SNM guerrillas attacked the northern Somali towns of Hargeisa, Burao, and Erigabo and Berbera. Government troops moved to retake territory and Barre requested US military aid. The US airlifted military supplies to government troops, who bombarded civilian urban areas. An estimated 50,000 persons—many of whom were women and children—were killed, and 450,000 refugees fled to Ethiopia. During the hostilities which followed, government troops gradually lost control of the countryside. In 1989, clashes intensified as the military fired upon civilians leaving a mosque in Mogadishu, resulting in 450 persons dead. Hostilities accelerated as other clans in the south and the Hawiye clan in the Mogadishu area joined the growing opposition.

US Ambassador James Keough Bishop arrived in late 1989 and wound down US assistance programs and legitimacy for the Barre government, but too little and too late. In early 1991, the US and other embassies started to evacuate, and American Marines airlifted the last 100 Embassy officials just ahead of the arrival of hostile rebels.

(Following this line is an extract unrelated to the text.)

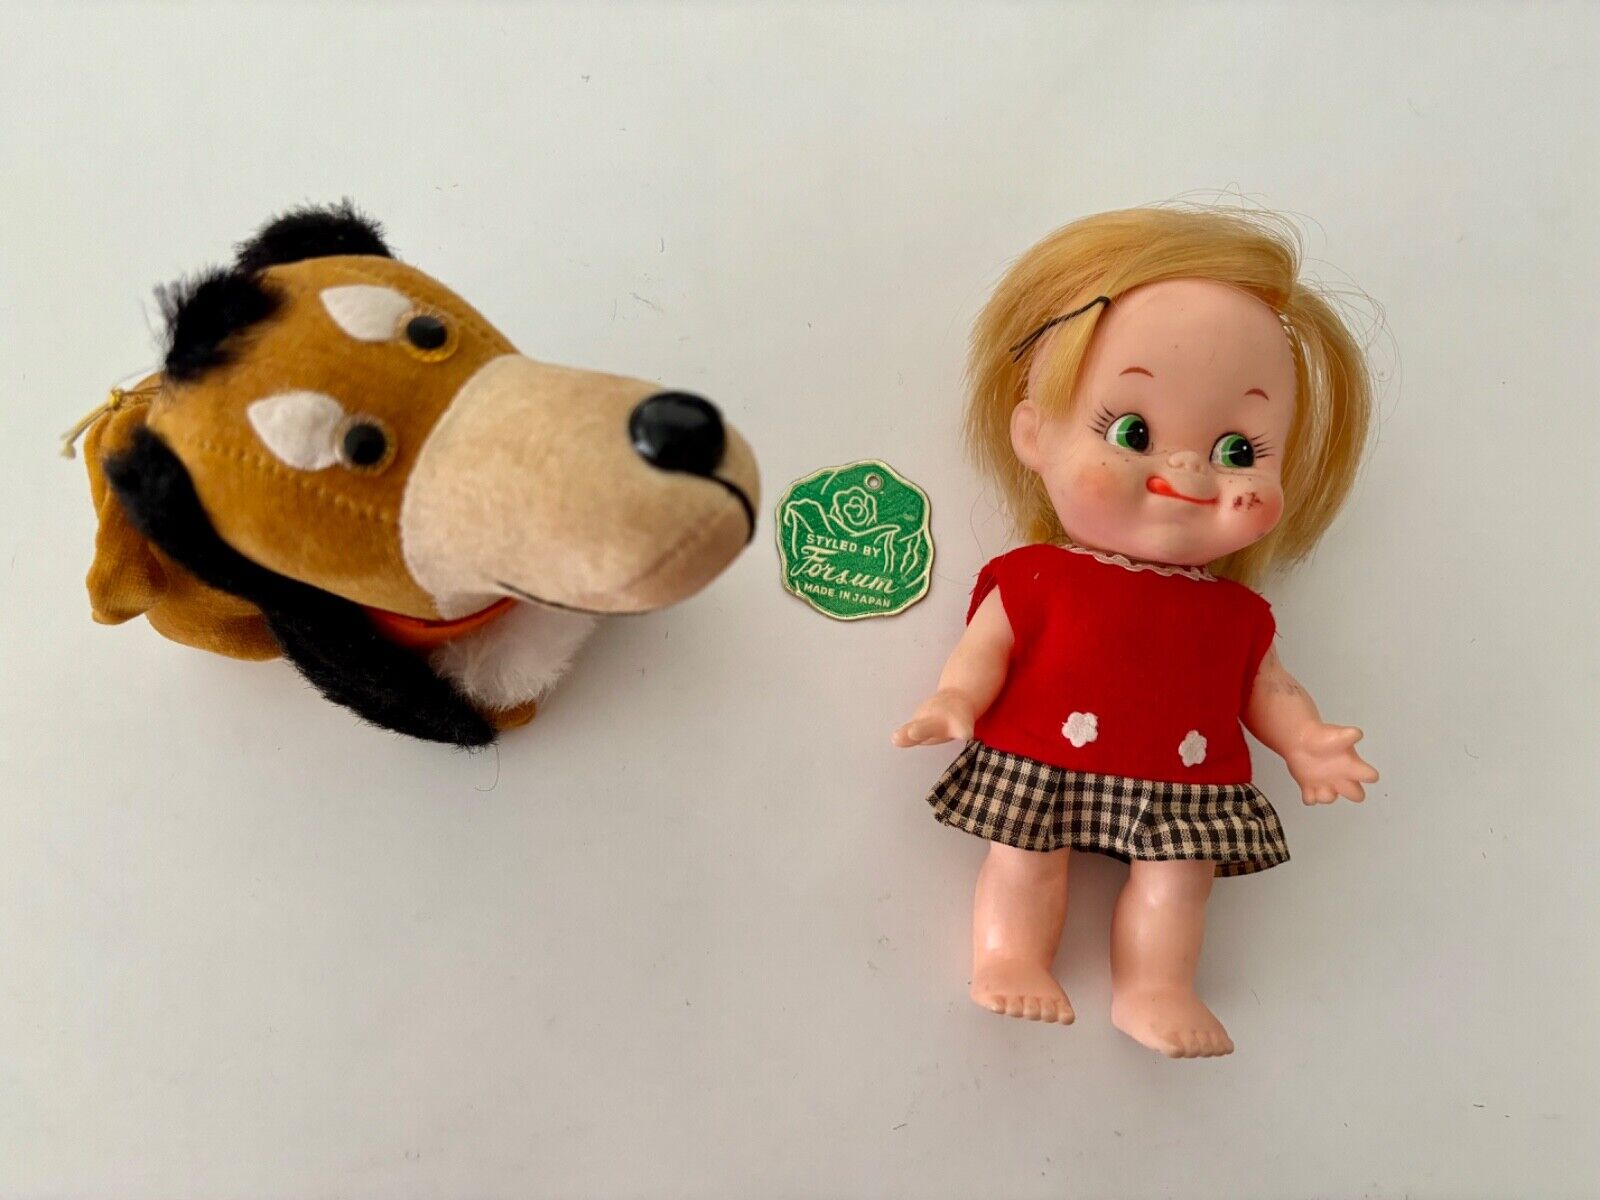 Forsum Vintage Doll and Pup-In Very Good Vintage Condition with No Rips or Tears

Disaffected government troops shelled Mogadishu—including the new $35 million US Embassy. Finally, on Jan. 27, 1991, Mohammed S. Barre fled with his Red Berets in a convoy of tanks and military vehicles heading south toward Kismayo. He is now believed to be in his home village of Garba Harye.

Reconstructing a Nation-State

Somalia's new interim president, Ali Mahdi Mohamed, has called for free elections, although no timetable has been set for a vote. As a member of the Hawiye clan in central Somalia (United Somali Congress), he lacks the support of other key clans in the south which back the Somali Patriotic Movement and the SNM in the north. The SNM, which now controls the strategic port of Berbera, received much of its support from Ethiopia and has disdained joining a federal union without playing a decisive leadership role. The SNM has suggested that the present capital be moved to a location between Mogadishu and Hargeisa, the former capital of British Somaliland.

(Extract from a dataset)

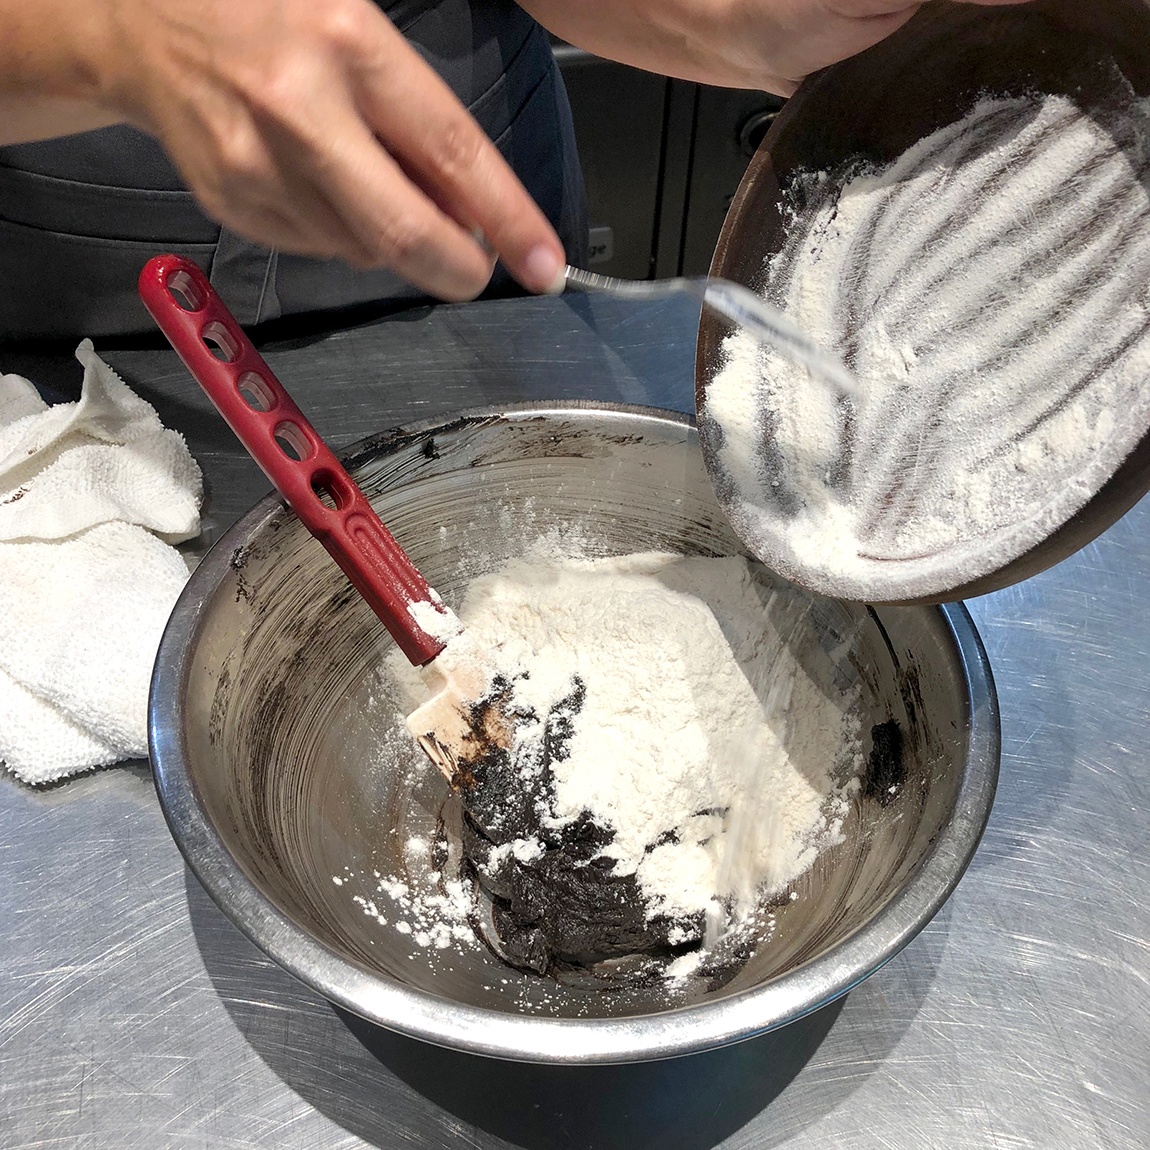 Summer Wright spoons a floury mix into a metal mixing bowl.

There is room for optimism, however. Somali culture is inherently democratic and egalitarian. Even though diplomatic and governmental infrastructures remain to be established, and security remains a significant problem, Somalis are attempting to rebuild their nation, with whatever foreign aid is available.

Making an Impact

There is general concern by most aid organizations that only humanitarian assistance be given to opposing Somali political organizations, so that conciliation attempts will have a chance. Conventional development assistance through such organizations as the World Bank and the United Nations Development Program are on hold. Other multilateral agencies such as UNICEF and the International Committee for the Red Cross will provide basic health care and related services as soon as security improves. UNHCR is planning for repatriation of large refugee populations from Somalia which are in Ethiopia and Kenya.

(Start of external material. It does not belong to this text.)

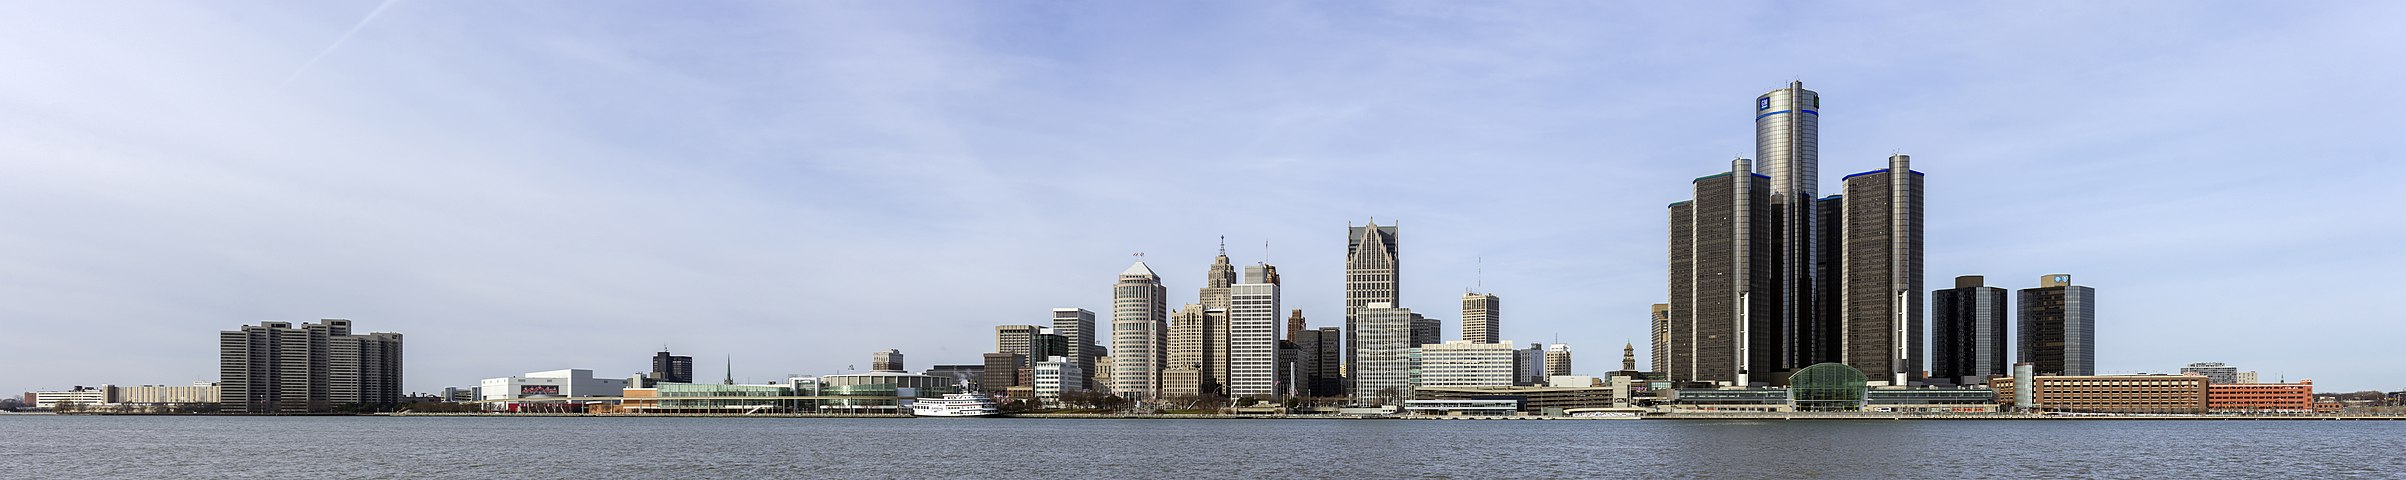 Although the city may have temporarily gone bankrupt, Detroit's riverside still reflects the city's heyday as a center of car production and music. This panorama, a stitch of three rows of ten images, shows the Detroit International Riverfront from the Riverfront Condominiums in the east to the Renaissance Center in the west.

The dimensions of a new American and multilateral policy for foreign aid to Somalia are emerging. There is an emphasis upon humanitarian aid geared to short- and long-term human needs, apart from former Cold War strategic priorities. Herman J. Cohen, assistant secretary of state for African affairs, recently intimated that the aid pipeline might soon start to flow again, and that the American Embassy could be reopened in Mogadishu as early as October.

Somalia is an example of how US foreign policy often has been neither strategic (in a military sense) nor in the interests of the American or Somali people. In any case, US State Department spokespersons have asserted that there no longer are geopolitical stakes in the Horn of Africa.

Many legislators now recognize the need for reform of US governmental agencies, and utilization of alternative channels such as private voluntary organizations. In the absence of a domestic constituency for most categories of foreign aid, it will be difficult to obtain support unless both local and international concerns are included in the development of a "people-centered" foreign policy.

Dr. Stanley B. Andrews is director of the Division of Sponsored Research at Florida Atlantic University, Boca Raton, FL.